> Input records
== == ==
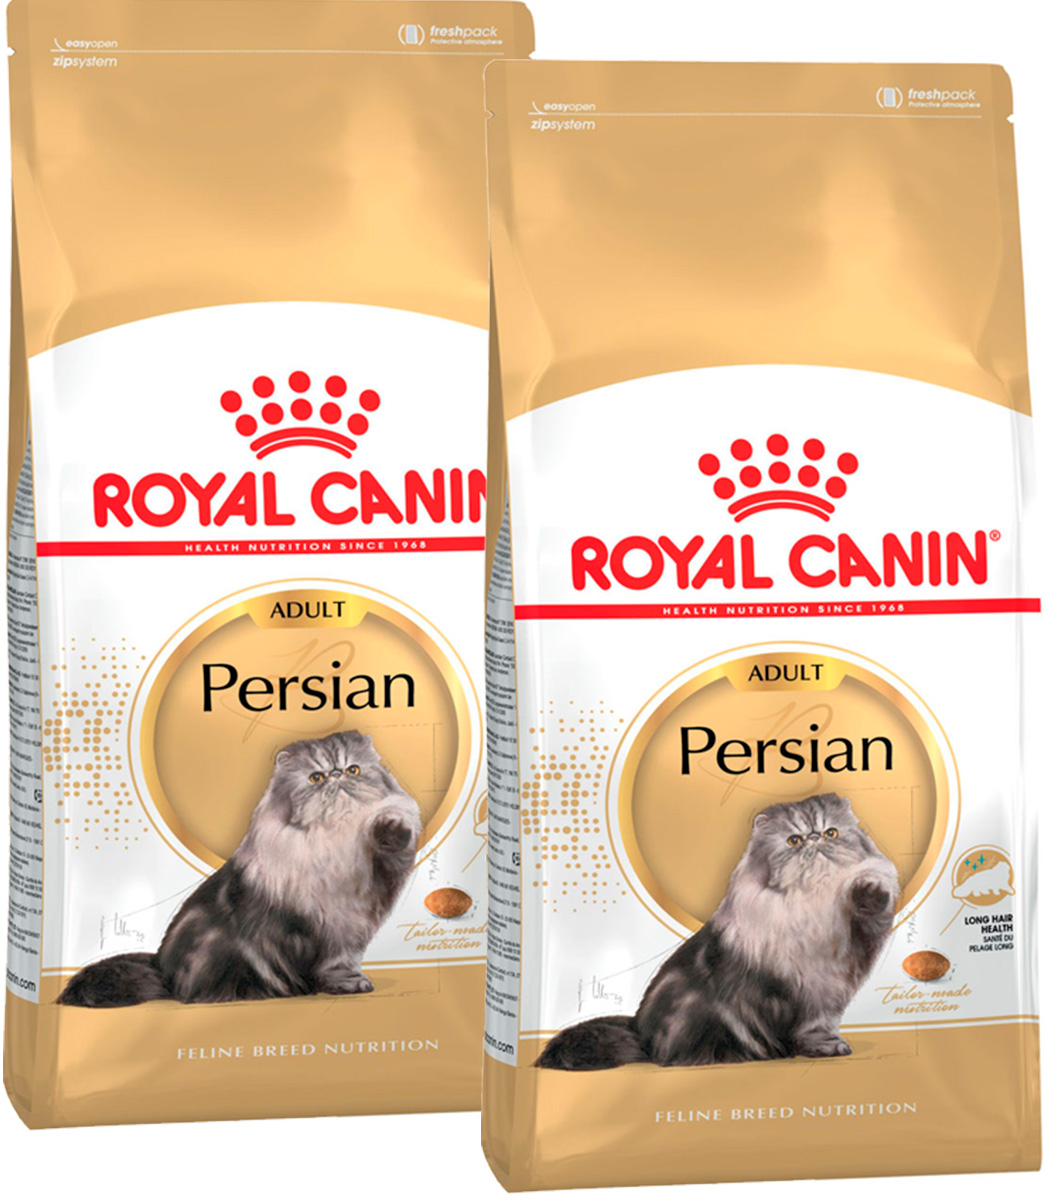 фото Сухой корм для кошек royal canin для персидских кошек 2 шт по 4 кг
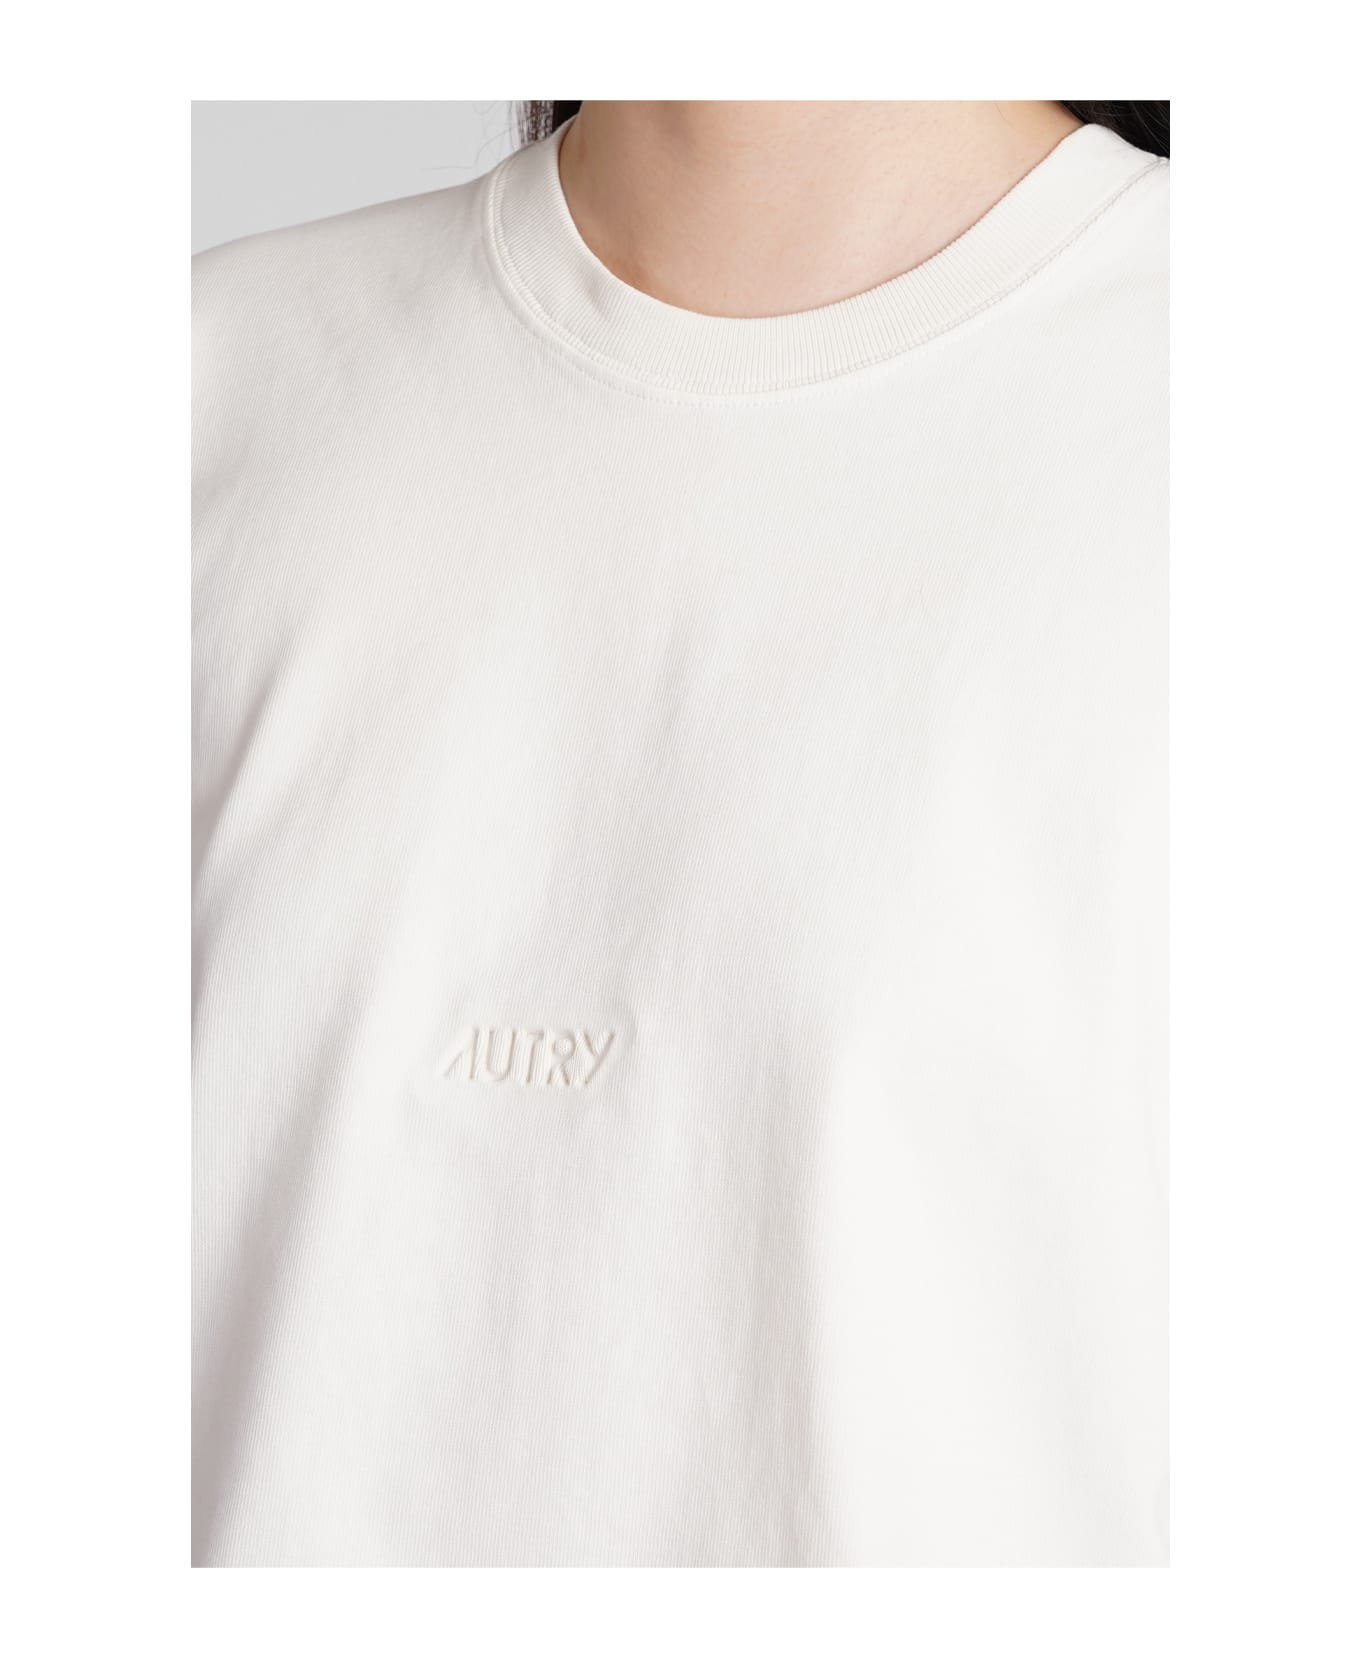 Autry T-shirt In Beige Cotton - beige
== == ==
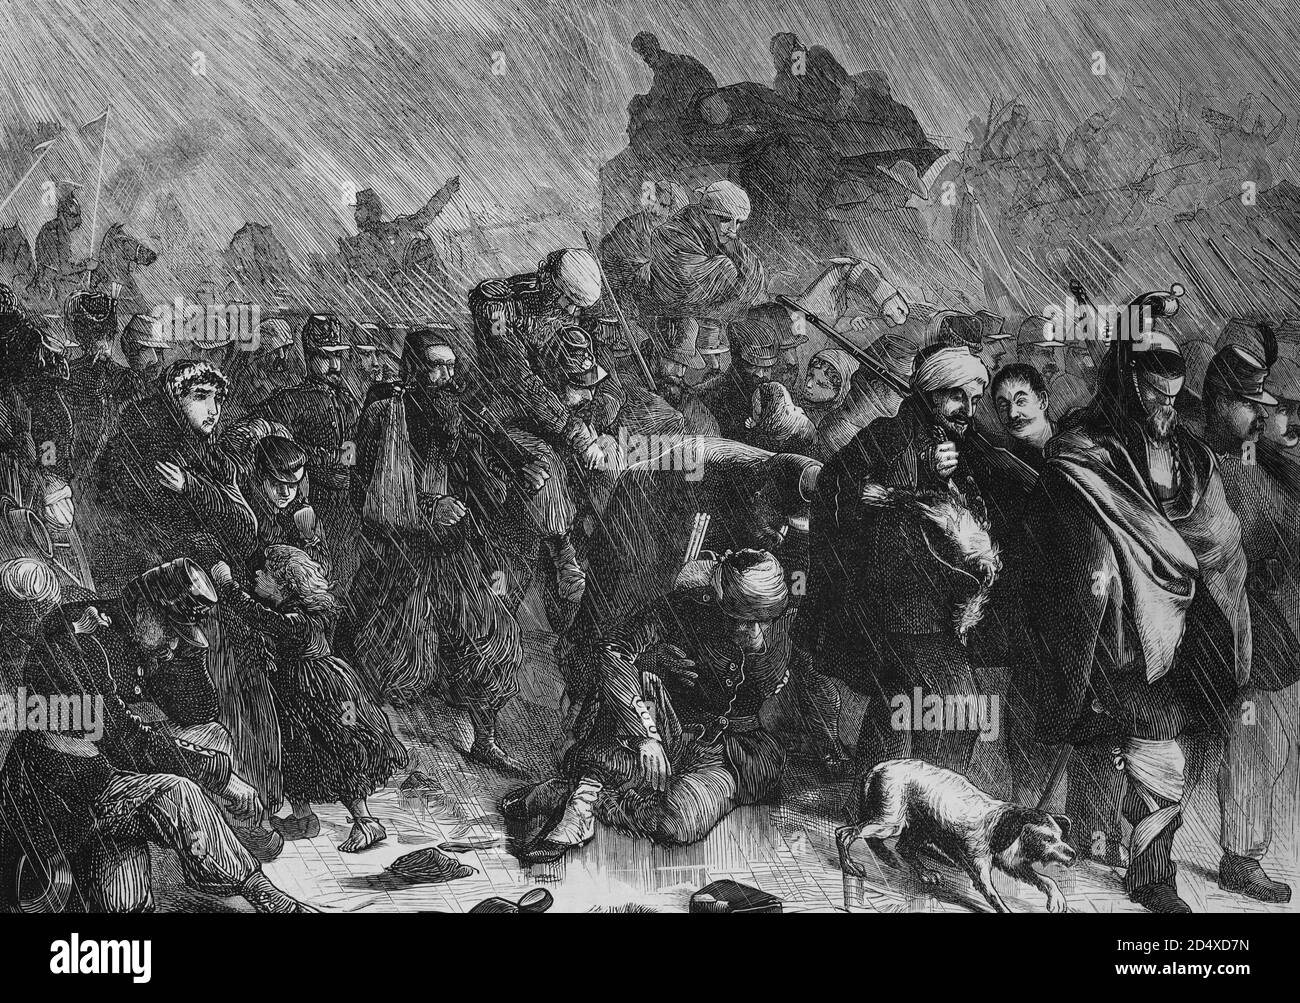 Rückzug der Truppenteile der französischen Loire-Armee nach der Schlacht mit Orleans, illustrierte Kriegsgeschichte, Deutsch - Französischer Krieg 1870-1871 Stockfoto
== == ==
> What to do
Look above for the line with "фото Сухой корм" and the line with "Autry T-shirt In Beige Cotton - beige", then copy them and all lines in between exactly as written, and only those, without any pictures.

> Answer space
 фото Сухой корм для кошек royal canin для персидских кошек 2 шт по 4 кг
 Autry T-shirt In Beige Cotton - beige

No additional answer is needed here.